Plaintiff contends that Dr. Levison's opinion on this matter is moot because "the ALJ did not make an affirmative finding of malingering." (Pl.'s Br. at 20.) Plaintiff argues that because the ALJ did not expressly endorse Dr. Levison's concerns about malingering, "the standard that requires specific, clear, and convincing reasons to reject a claimant's symptom testimony should apply in this case." (Pl.'s Br. at 20.) Plaintiff further argues that when that standard is properly applied, the ALJ erred by failing to provide clear and convincing reasons for rejecting Plaintiff's symptom testimony. (Pl.'s Br. at 20.) Defendant responds that no affirmative finding of malingering is required, and thus the ALJ did not need to apply the clear and convincing standard. (Resp. at 2-3.)

Based on the Ninth Circuit's rulings on this matter, the Court agrees with Defendant. In Carmickle v. Commissioner, the Ninth Circuit disavowed a prior holding that the ALJ must either make a specific finding of malingering or apply the clear and convincing standard. 533 F.3d 1155, 1160 n.1 (9th Cir. 2008). Instead, the court affirmed an unpublished case's holding that requiring such a finding would be "anomalous in that the weight of our cases hold that the mere existence of `affirmative evidence suggesting' malingering vitiates the clear and convincing standard of review." Id. (citing Schow v. Astrue, 272 Fed.Appx. 647, 651 (9th Cir. 2008)).

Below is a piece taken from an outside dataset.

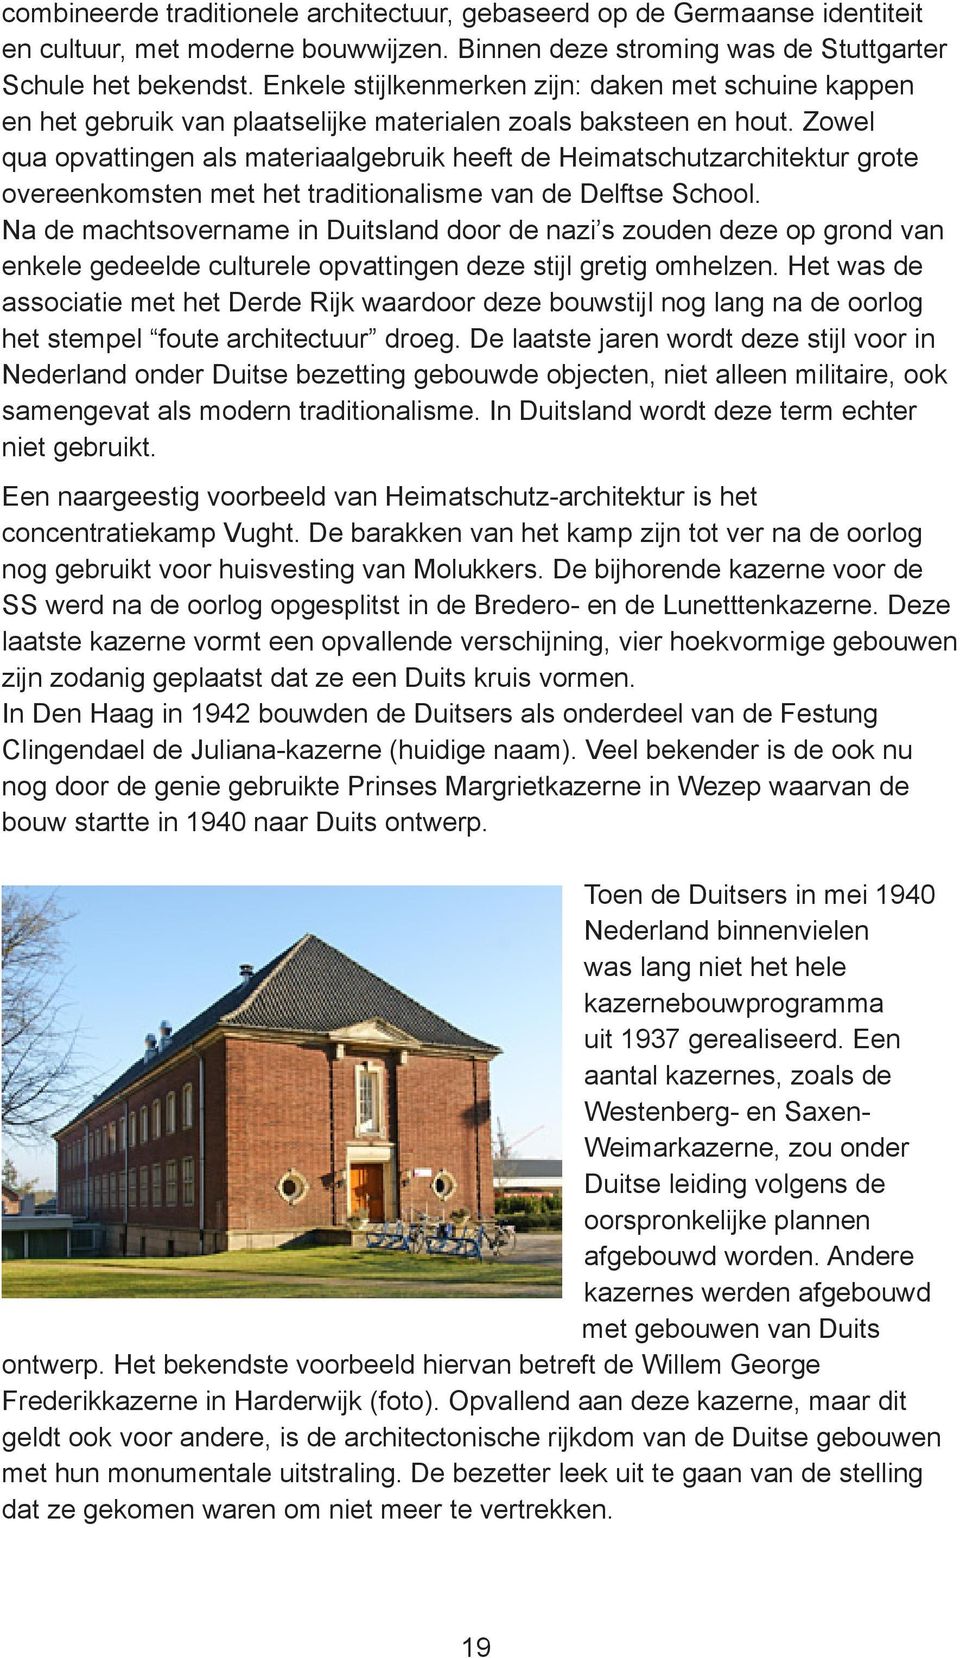 Zowel qua opvattingen als materiaalgebruik heeft de Heimatschutzarchitektur grote overeenkomsten met het traditionalisme van de Delftse School.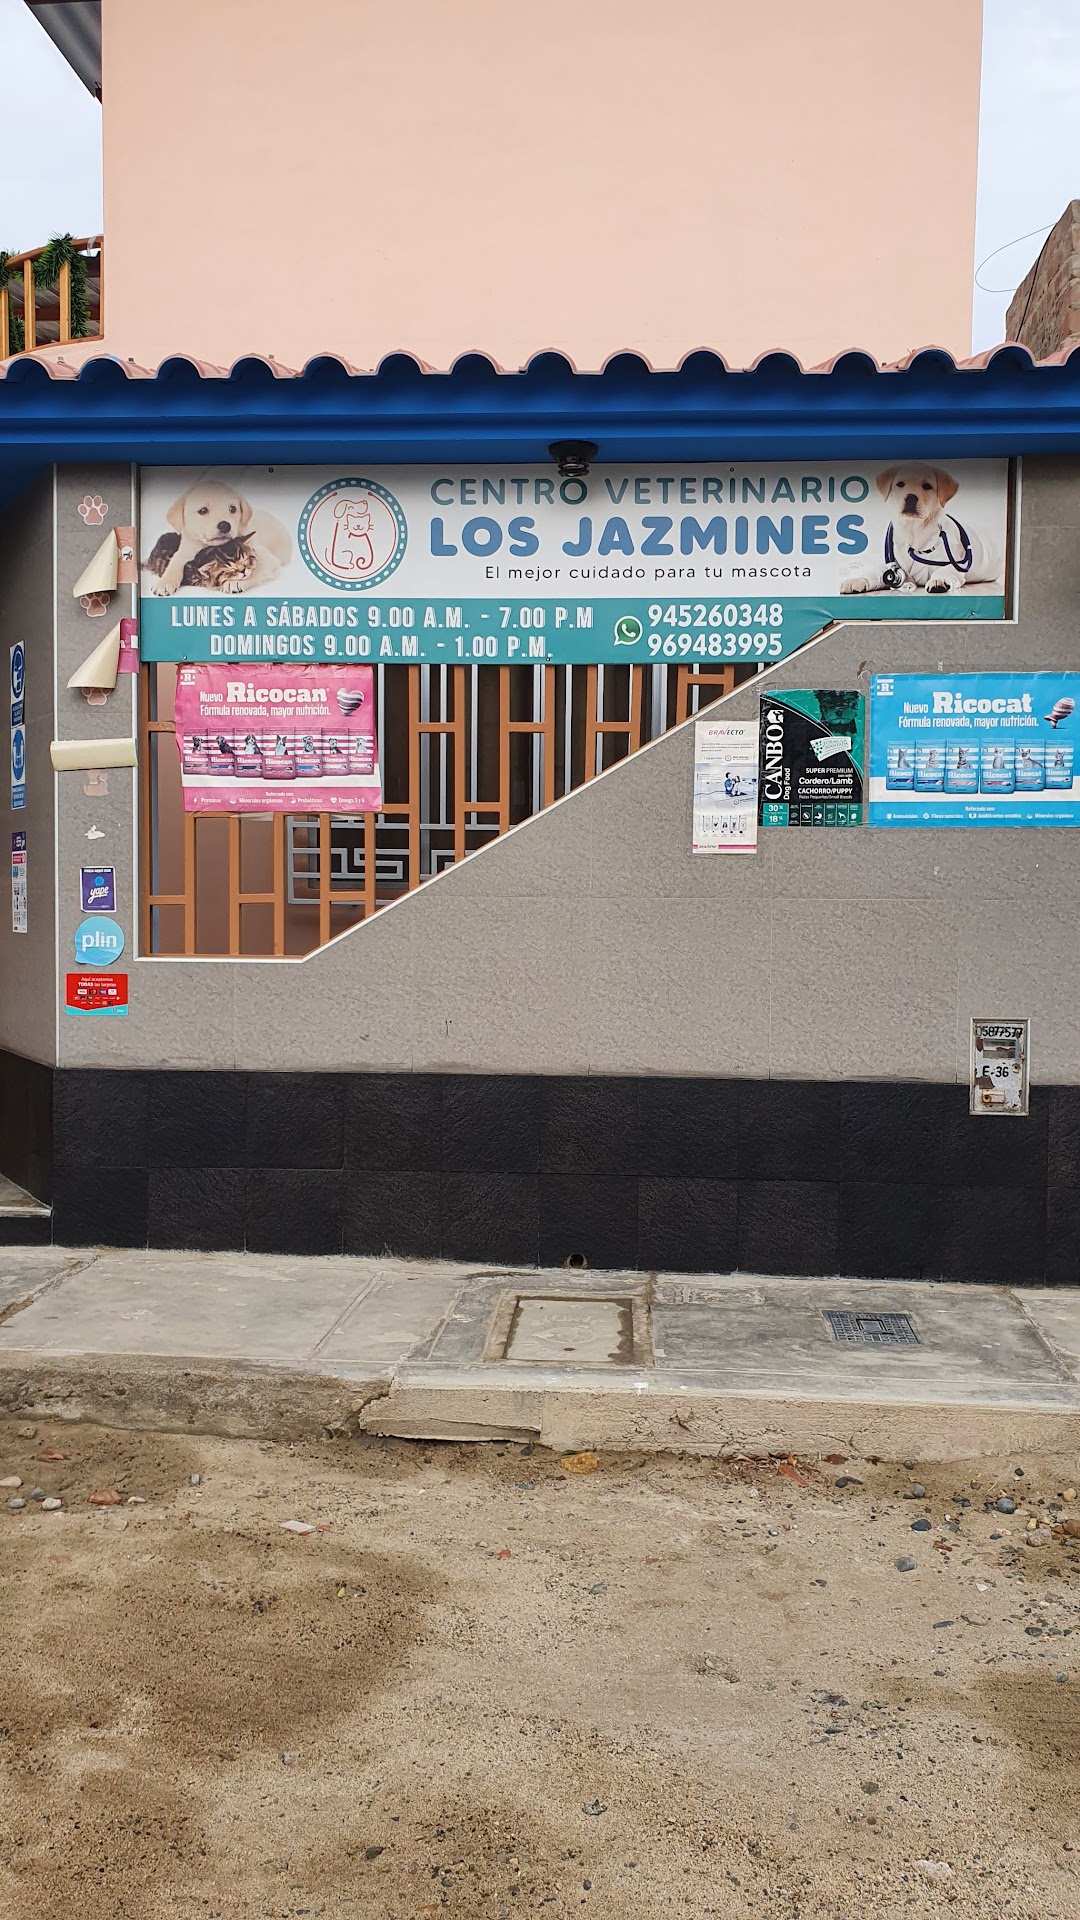 Centro Veterinario Los Jazmines

As the Court reads the case law, where there is affirmative evidence of malingering from a medical source whose opinion is given great weight, the ALJ need not make his own specific finding of malingering. Here, Dr. Levison's evaluation of Plaintiff provided affirmative evidence of malingering, and so the ALJ was not required to give clear and convincing reasons to reject Plaintiff's testimony. Faced with evidence of malingering, the ALJ did not err in discrediting Plaintiff's symptom testimony. See Brownton v. Heckler, 571 F.Supp. 140, 144 (N.D. Cal. 1983) (affirming the ALJ's finding that Plaintiff was not disabled because Plaintiff was likely malingering).

IV. CONCLUSION

The ALJ did not err in discounting the opinion of treating physician Dr. Scott and instead giving great weight to the opinion of examining physician Dr. Levison because the ALJ gave specific and legitimate reasons, supported by substantial evidence, for doing so. The ALJ also did not err in discounting Plaintiff's symptom testimony because evidence of malingering relieved the ALJ of his burden to provide clear and convincing reasons for discrediting the testimony. Accordingly, the Court affirms.

IT IS THEREFORE ORDERED affirming the October 21, 2015 decision of the Administrative Law Judge, (R. at 18-41), as upheld by the Appeals Council on February 7, 2017 (R. at 3-17).

IT IS FURTHER ORDERED directing the Clerk to enter final judgment consistent with this Order and close this case.

FootNotes


1. Throughout the administrative record, Plaintiff is referred to as Anna Gonzalez Rodriguez. The Court uses the name provided by Plaintiff in her briefing.
2. The Court notes an inconsistency here, apparently unidentified by the ALJ or parties. Dr. Scott's notes indicate that Plaintiff could never crawl or climb, but those findings seem unrelated to Plaintiff's right or left arm. (R. at 478.) Only the "reach" section is associated with Plaintiff's right and left arms individually, by noting that Plaintiff could never reach with her right arm and frequently reach with her left. (R. at 478.) Dr. Scott's findings regarding Plaintiff's ability to stoop and squat have nothing to do with Plaintiff's arms. But, like the ALJ, the Court is confused as to whether Dr. Scott and the ALJ found that Plaintiff's left shoulder (the one that required prior surgery) or her right shoulder, is the one most significantly impaired.